Dataset
####################

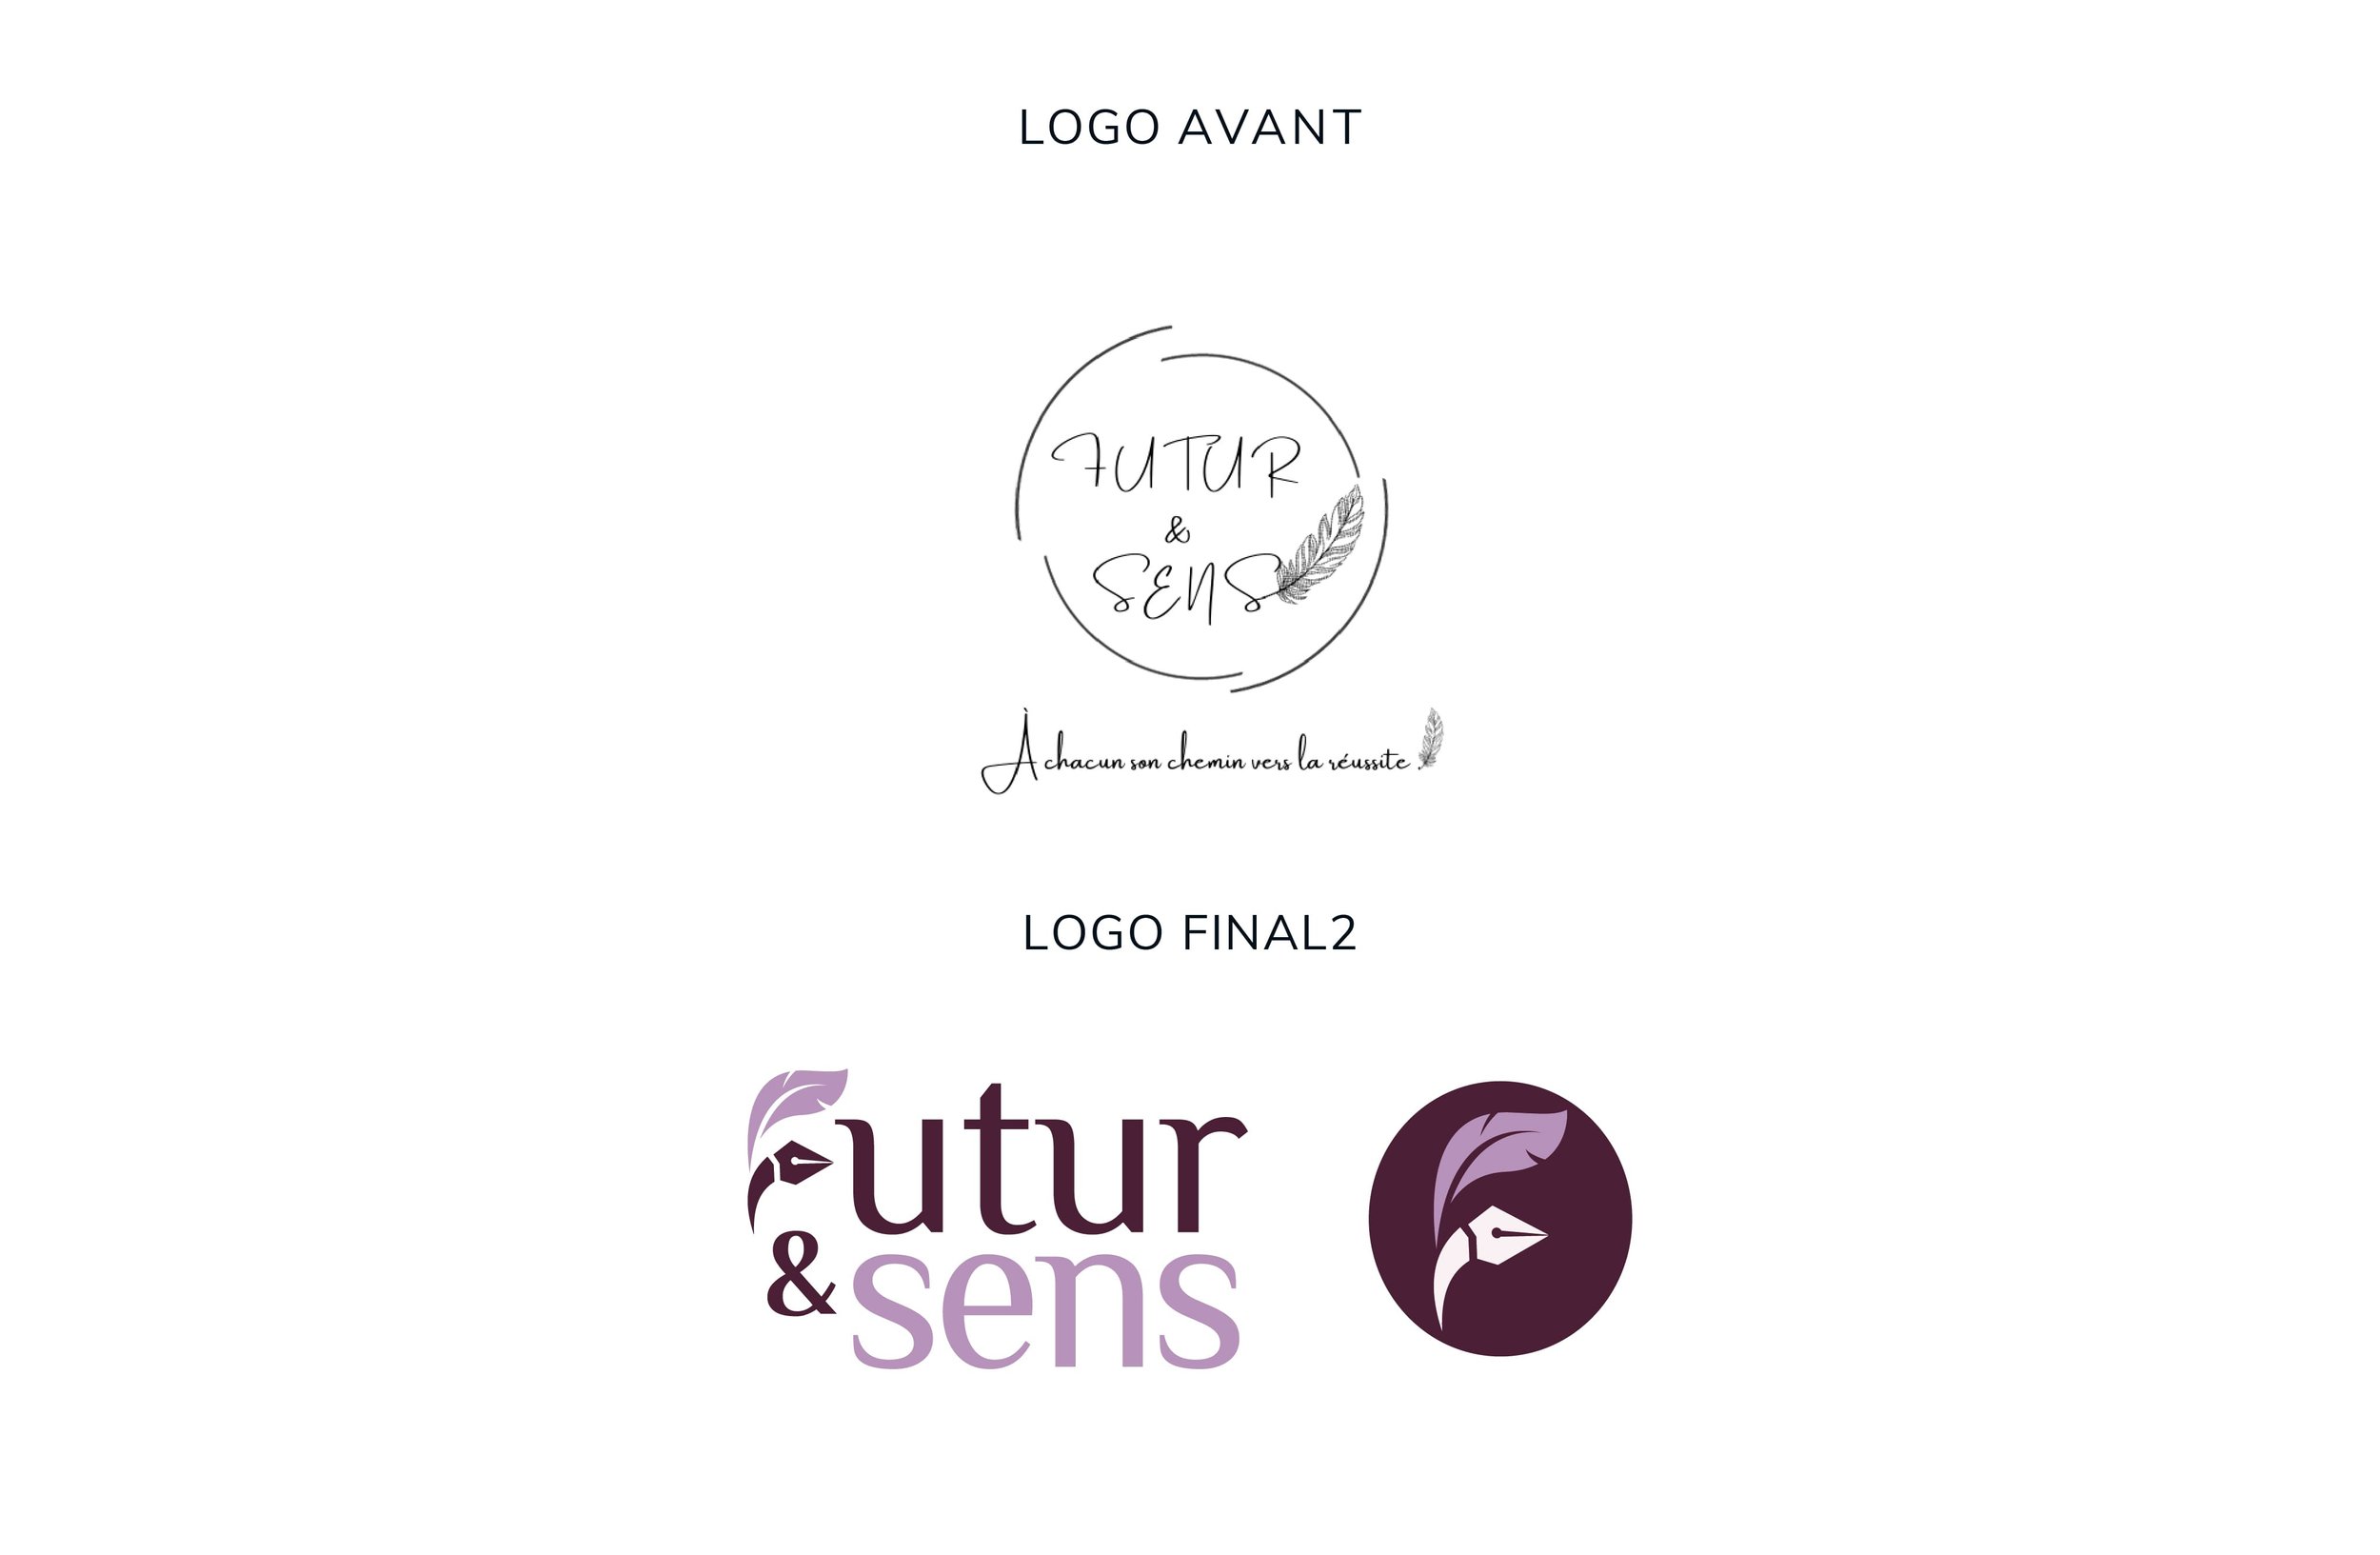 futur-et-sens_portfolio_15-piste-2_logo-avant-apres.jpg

####################

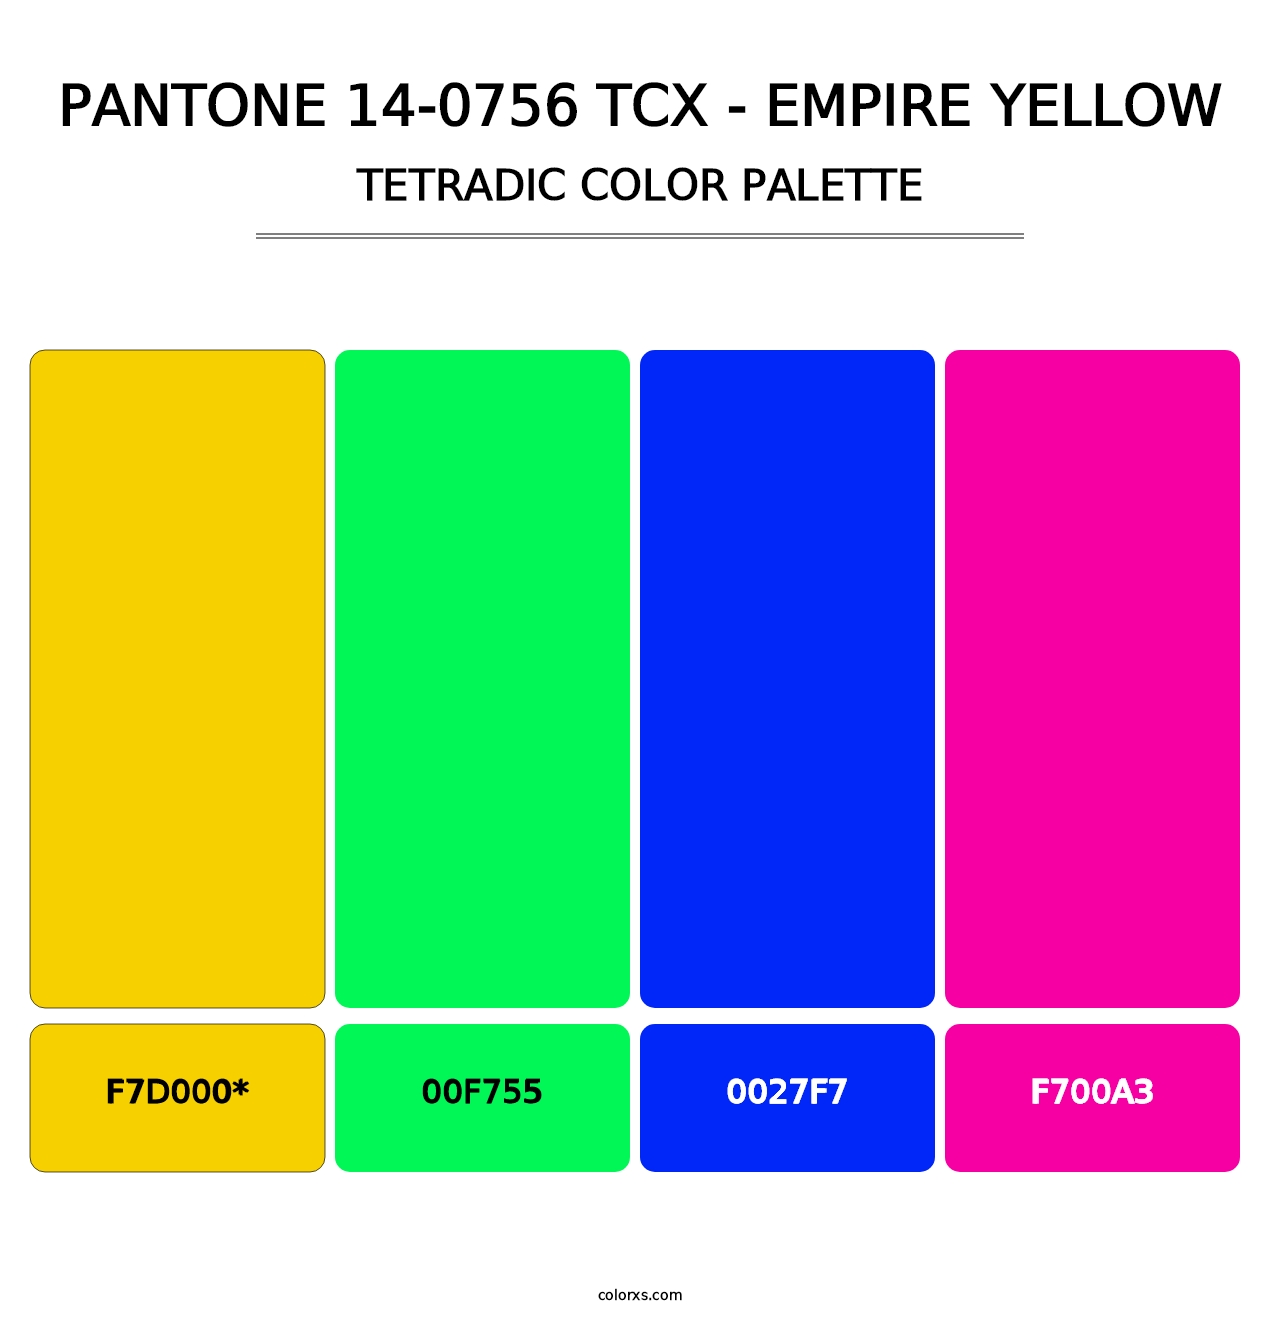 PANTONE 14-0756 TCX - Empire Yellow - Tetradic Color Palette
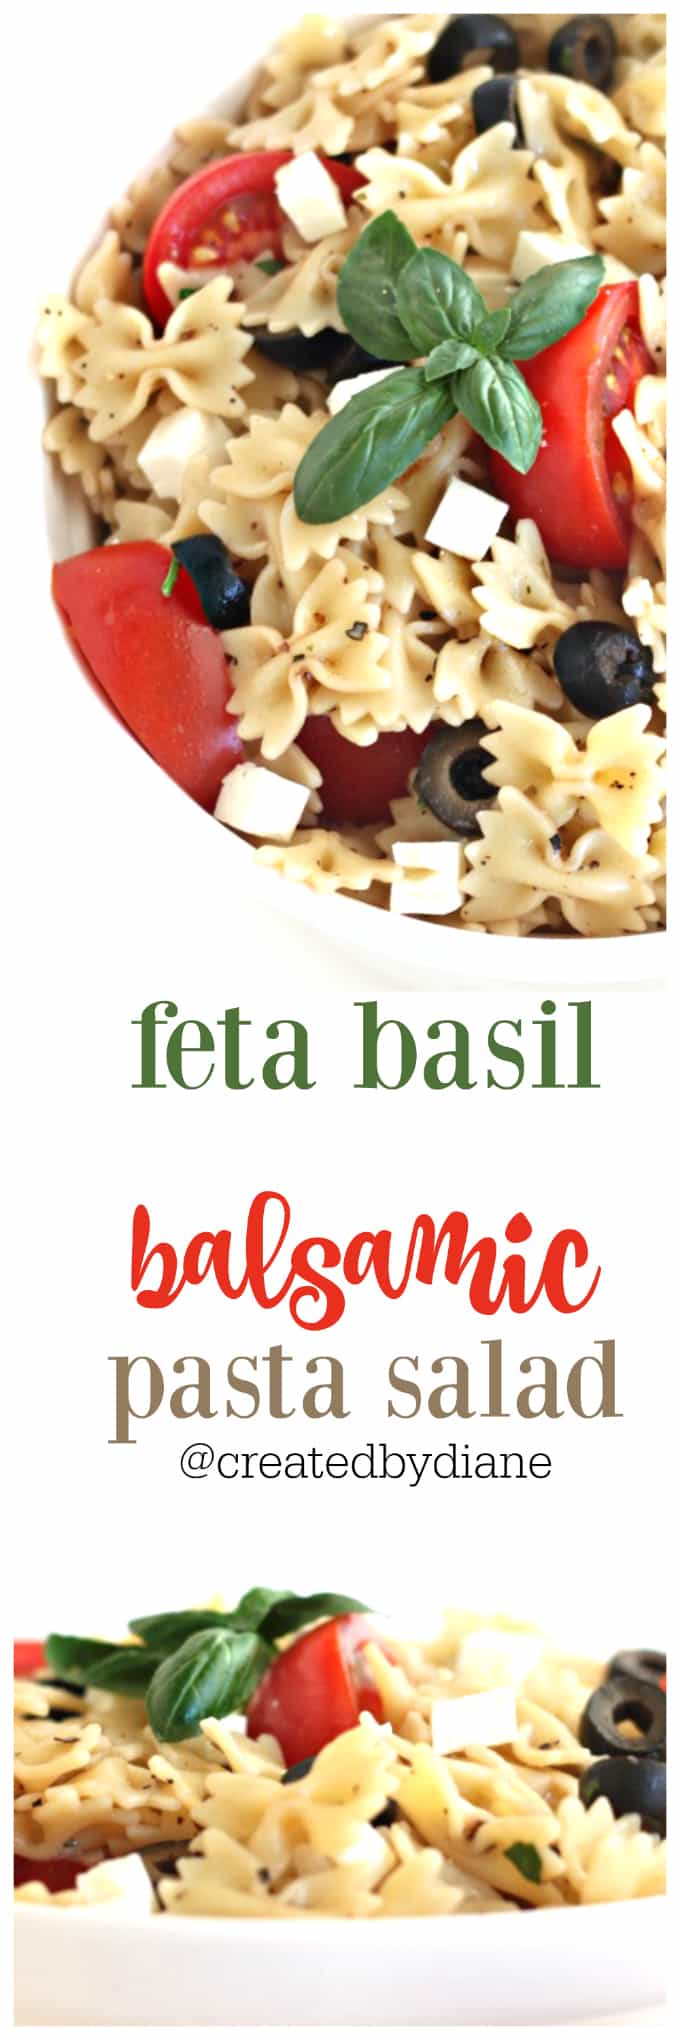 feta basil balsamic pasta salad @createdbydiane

####################

What the task requires
Set down again, exactly, every line above from the one with "PANTONE 14-0756 TCX - Empire" down to the one with "feta basil balsamic", both ends included. No pictures, and nothing else.

Exercise solution
 PANTONE 14-0756 TCX - Empire Yellow - Tetradic Color Palette
 feta basil balsamic pasta salad @createdbydiane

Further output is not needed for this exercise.